Ian Martin is shocked to discover transphobic vibes in his safe space
MONDAY The problem: a new outsourcing contract for the British economy means Londoners now inhabit what is essentially a Chinese canton, rendering that little ‘Chinatown’ off Shaftesbury Avenue culturally insensitive and patronising.
The solution: rename the whole of Greater London ‘Chinatown’.
TUESDAY The academic year has barely started, yet already orchestrated moaning is underway about a modular pop-up ‘safe space’ I created at Cardiff University.
Apparently some of the mewling foetuses who’ve retreated to my ‘panic pod’ are unhappy. Although the safe space is constructed from tough, soundproof panels of brightly coloured laminated cardboard, students insist their feeings are still at risk from powerful transphobic vibes which can penetrate the walls.
How? Well, you can still get the internet inside it. Therefore the safe space ‘facilitates hate speech’. Of course everybody from the vice-chancellor down has sheepishly deferred to these trembling munchkins. Nobody wants any trouble, as this might impact negatively on the university’s corporate profile.
Things were so much easier in the last century.
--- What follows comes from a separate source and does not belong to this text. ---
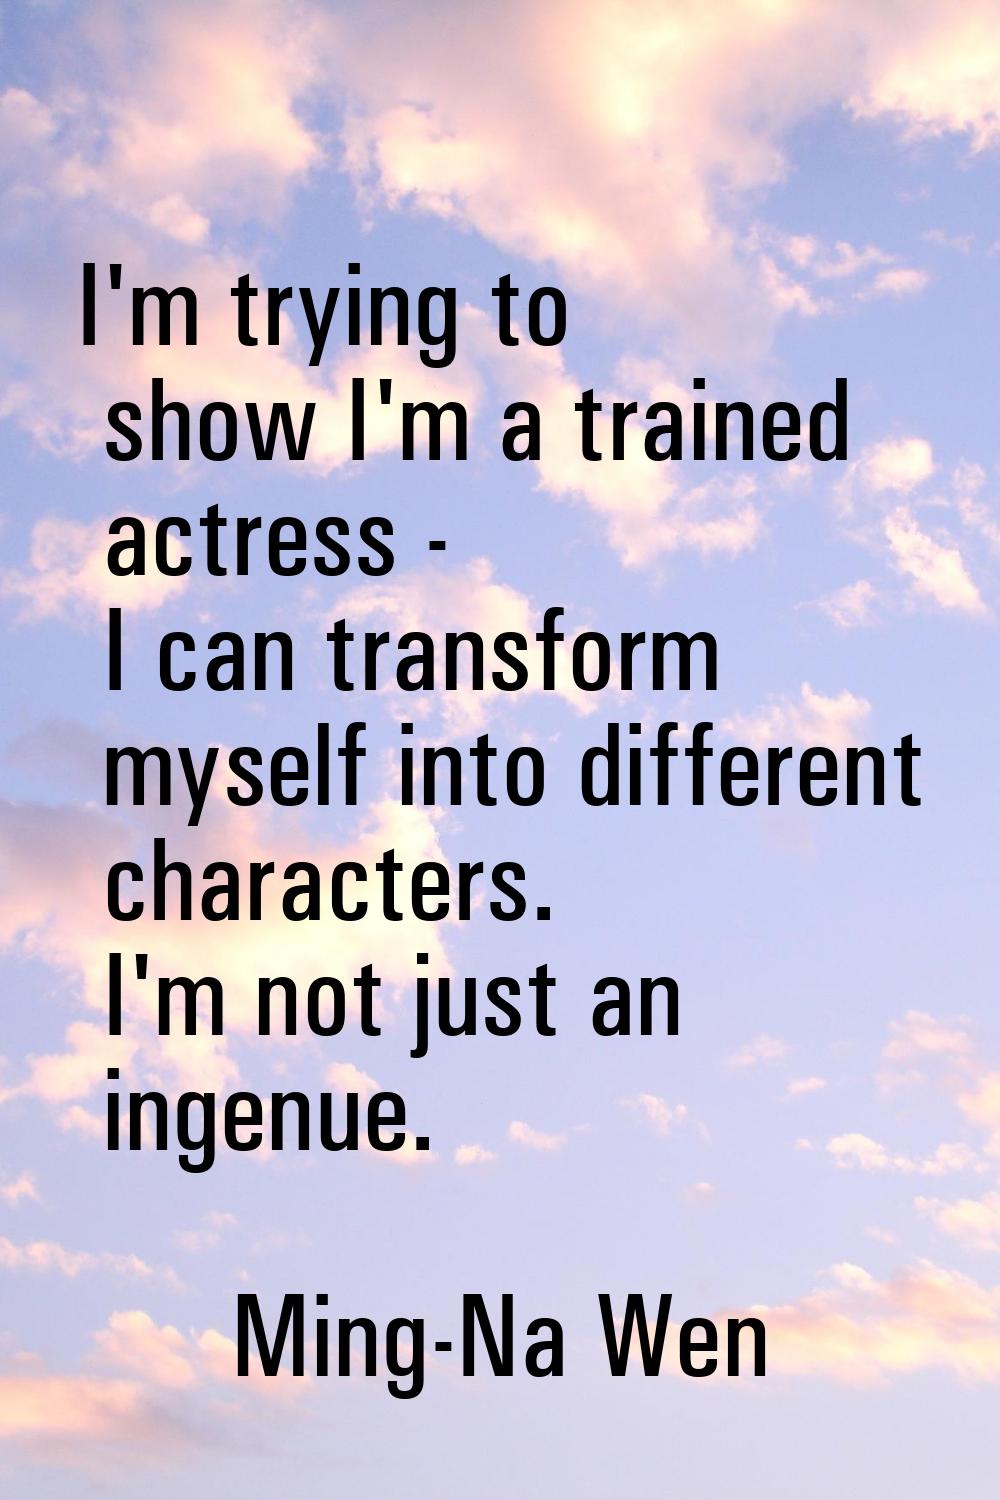 I'm trying to show I'm a trained actress - I can transform myself into different characters. I'm no

You’d be commissioned after a five-hour lunch by the university’s head of estates, who looked like Mr Pastry and dabbled in watercolours. The students meanwhile, who came from a range of social classes and backgrounds, were receiving free education. They were ‘users’, and irrelevant. They were the mice in the experimental concrete maze you and Mr Pastry had sketched out over the crappy 1970s coffee and the excellent 1970s armagnac.
Now the students are valued customers and – legitimately, let’s face it – demanding a university experience in line with the escalating debt of £70,000 they’ll be paying off in their 50s. I don’t know why they don’t just turn every campus into a massive Wetherspoons with adult ball pools and counselling alcoves.
Wait a minute…
WEDNESDAY. Knock out a prototype gated Cardiff Wetherspoons Campus. Students, vice-chancellor and a trans-positive student loans company are very excited.
THURSDAY ‘Now, remember,’ says my fixer Rock Steady Eddie, as the Skype dialler burbles. ‘Oscar-nominated three times. His latest one’s some rom-com bollocks. He plays both parts! Stand on me. Mate, Wikipedia never lies. Here, pass me that scotch, you need to focus. Come on son. You land it, I’ll club it to death. Oh, plus I told him you’re French. And whatever, “difficult” yeah? They love all that. Hold up, here we go, you’re ON…’
So it is that I enter a discussion with global movie legend Tom Potatio. He’s relaxed, smooth and plausible. I’m being poked off-screen by Eddie and affecting a stilted, cartoon French accent.
Potatio has in the last three decades gone from lithe cherubic teen to portly veteran, via box office hits such as The Corndog and Inside Mrs Dufendorf. Now he’s looking for an expensive French auteur – ‘only real kind, right? Clue’s in the name? Which is French, right?’ – to concretise his dream.
The unconcretised dream is to transform his island in Belize into a ‘kick-ass game-changing ethically-funded carbon-neutral responsibly-developed eco-tourism hot-spot, initial thoughts? Monsieur, uh…’ Here he consults his notes. ‘Monsieur Prêt à Manger?’ Wow, Eddie dug deep for that one.
I pretend that my flailing about for inspiration is just me being a surly French auteur. I tell him, languidly, zat zis kick-ass game-changing ezzically-funded carbon-neutral responsibly-developed eco-tourism ‘ot-spot ‘as a lot of ‘ow you say ‘yphens non? Alors, I believe zat ze ‘yphen is not merely a joining mechanism, a bridge between zis and zat. I believe se ‘yphen goes to ze very ‘eart of ze concept…
Etc. Boom. Sold. Idiot.
FRIDAY. The conversion of a Belize island to a luxury eco-holiday destination isn’t as easy as it sounds. Invasive plant species, they’ll have to go for a start. Then there’s a shitload of botanically correct mangrove trees to go in, and a nursery to cultivate seagrass to support a manatee conservation area. Ugh, manatees. They look like floating breast implants.
I’m doing 70 exquisite pontooned villas, 60 beach houses, a Michelin-starred restaurant, a ‘pampering hub’ in the shape of a giant conch, a Niemeyerish Thunderbirdsy bar, the whole ‘1 per cent on holiday’ vibe. So how can I reconcile this sickening luxury with ecological concerns?
Zat, mes amis, is ze ‘yphen.
SATURDAY. Potatio thrilled about the ecology budget, stoical about the need to make a fortune from luxury tourism.
SUNDAY. Moral hyphenation in the recliner.